La force particulière de Youval Adler est d’avoir prouvé,  sans discussion possible, que l’unique et dernière solution qui subsiste dans l’absurde désormais plus qu’avéré de ce conflit, reste la voie des accords de paix.  La bataille quotidienne qui fait rage entre israéliens et palestiniens confirme que « la guerre de tous contre tous » n’est pas celle qui produit un gagnant en mesure d’assurer la coexistence par la force, mais uniquement une destruction mutuelle à l’infini. Cependant, le cinéaste reste profondément pessimiste, car il montre dans le même temps que les hommes qui auraient pu répondre de cet impératif catégorique se sont transformés en machines de guerre, et que le minimum de conscience morale nécessaire à ces négociations a certainement disparu.

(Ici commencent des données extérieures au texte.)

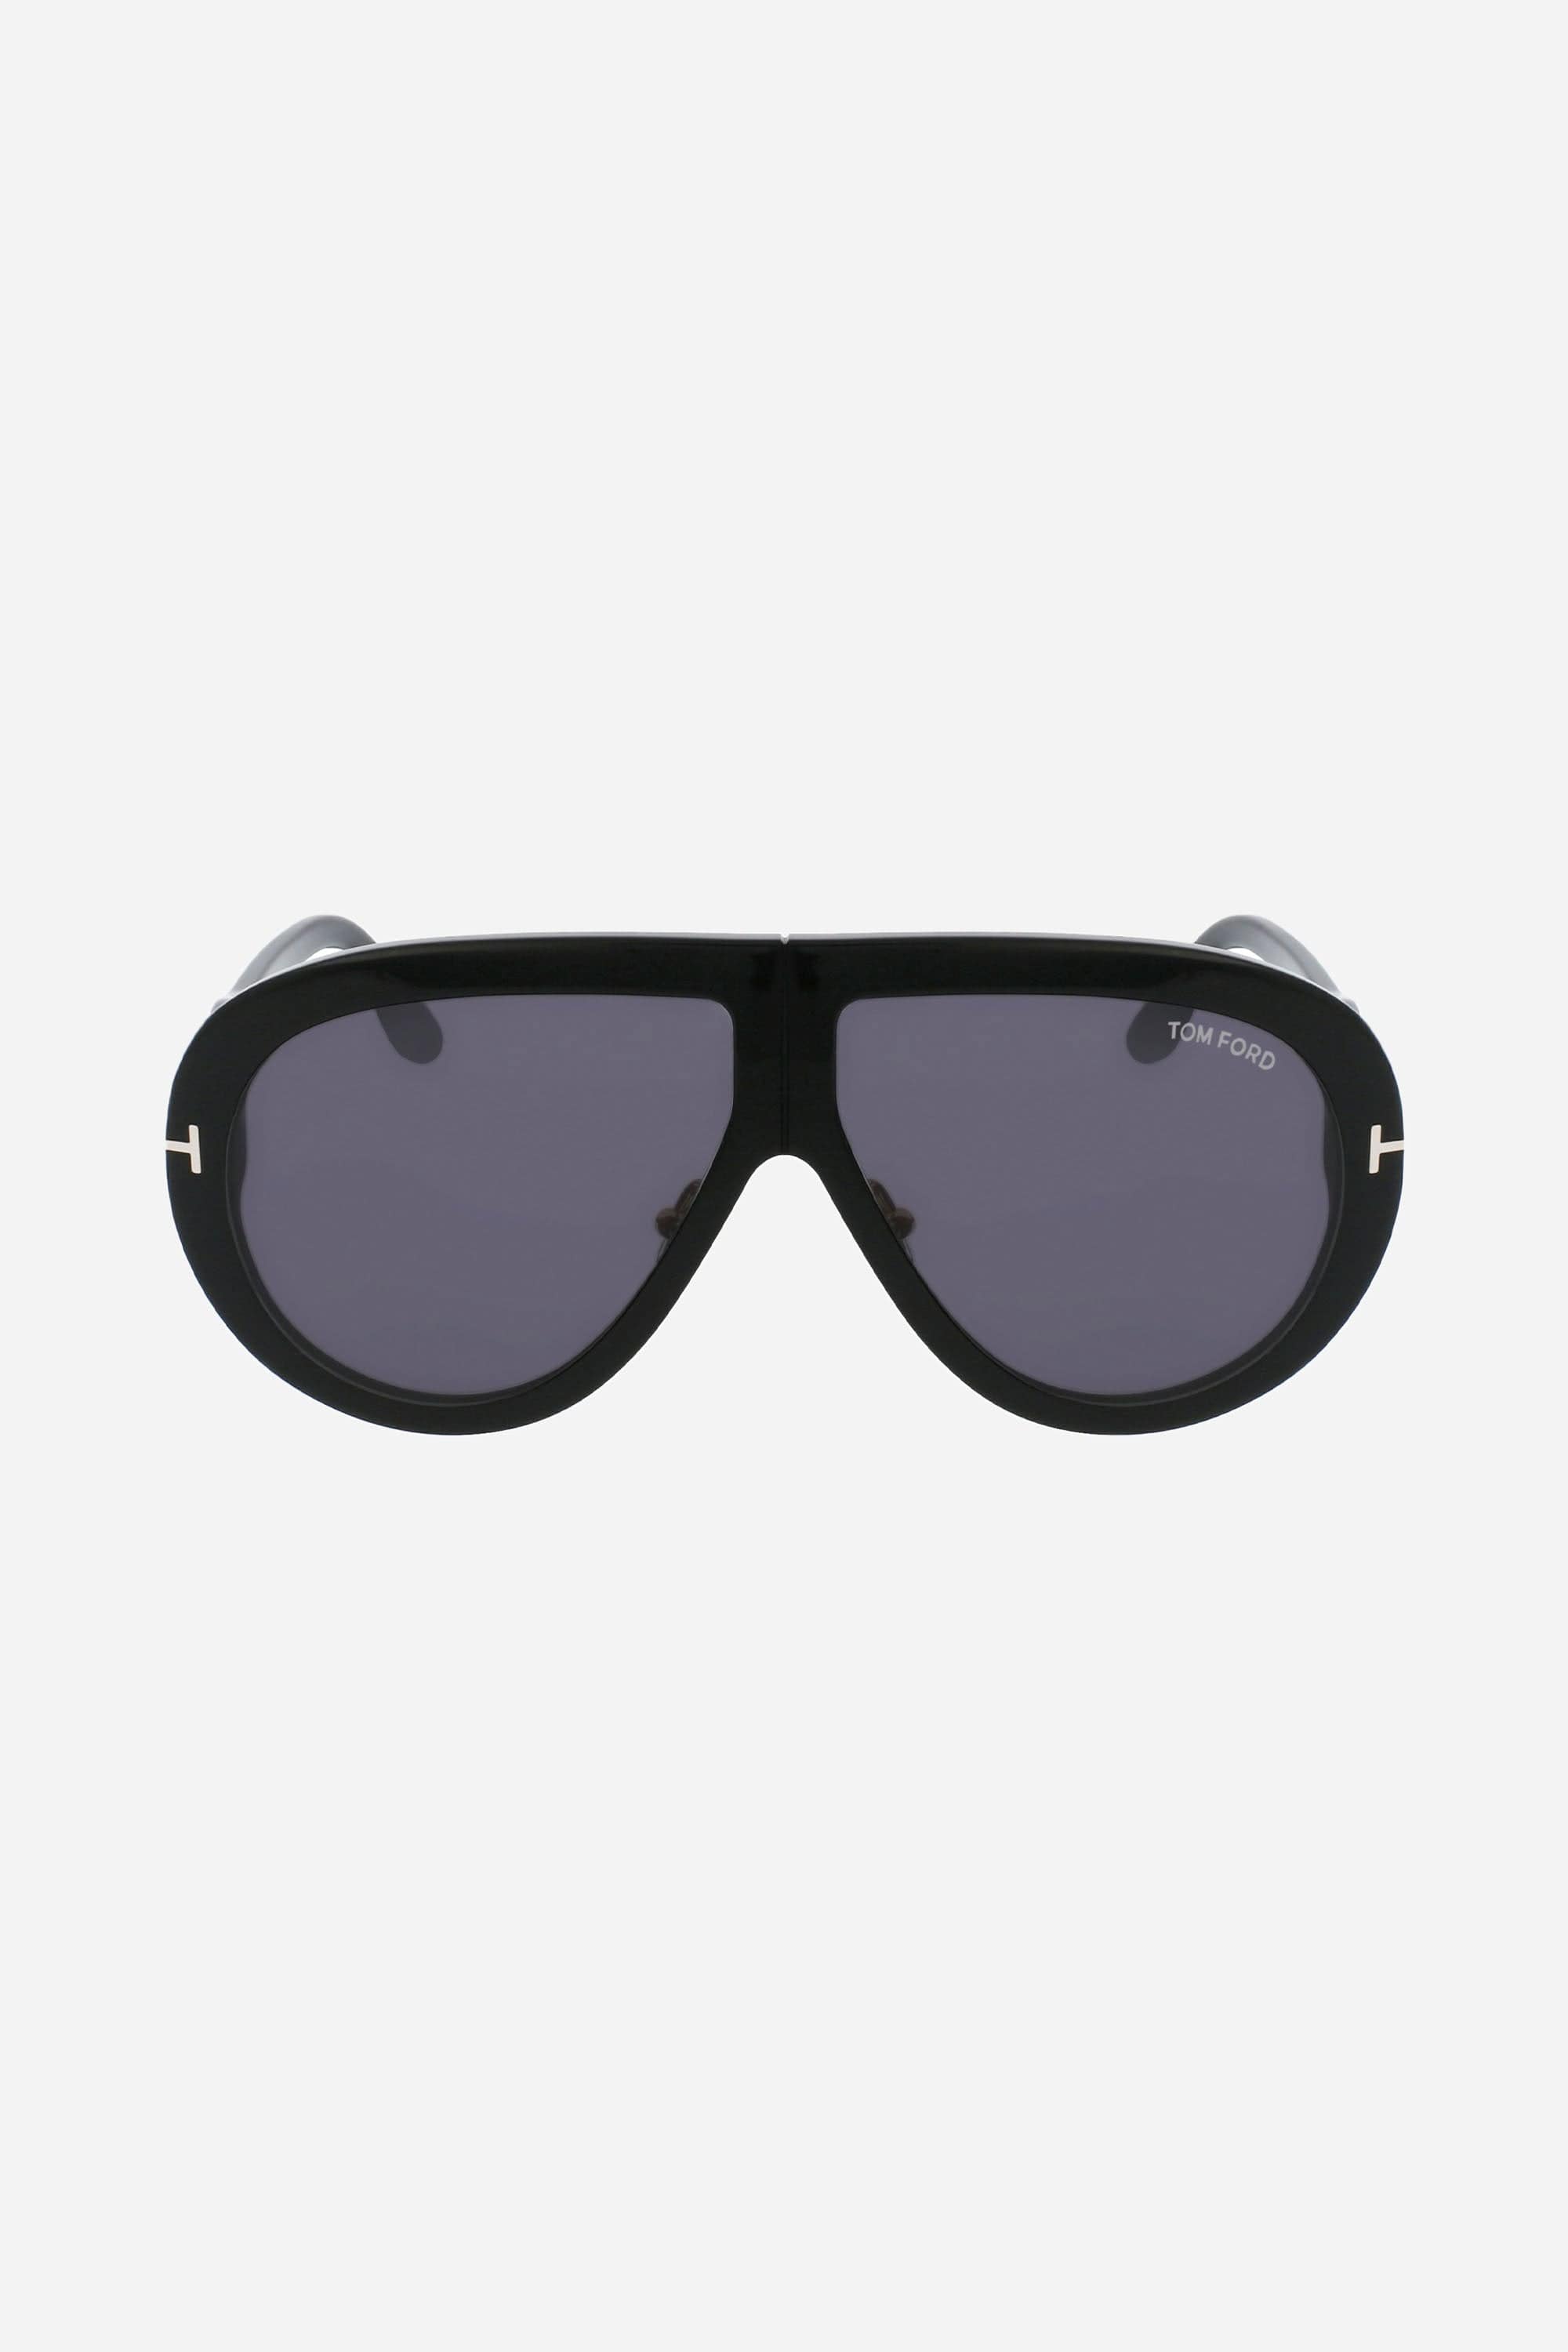 Tom Ford oversized pilot black sunglasses - Eyewear Club

En effet, ces deux guerres désormais menées à l’aveugle, et comme indépendamment l’une de l’autre, se trouvent aujourd’hui reliées par autre chose que l’objet de plus en plus flou des désaccords de base. Comme la psychiatrie l’explique, le symptôme d’une souffrance se fait parfois si puissant, si douloureux en lui-même, qu’il s’autonomise pour devenir une maladie à part entière, reléguant la véritable cause de son développement au rang d’effet secondaire. Au-delà de l’opposition armée, il y a aujourd’hui la guerre des nerfs, des mensonges, des humiliations, des deuils inconsolables, des idéologies moribondes ou morbides, des espoirs déçus et des intérêts individuels, souvent dissociés des objectifs collectifs. Cette guerre, qui existe entre deux peuples, remet chaque fois à jour les conflits irréductibles qui séparent les partis politiques au sein de chaque population, les divergences qui déchirent la société et les familles – et montre comment ces contradictions vont jusqu’à rendre schizophrènes les individus eux-mêmes.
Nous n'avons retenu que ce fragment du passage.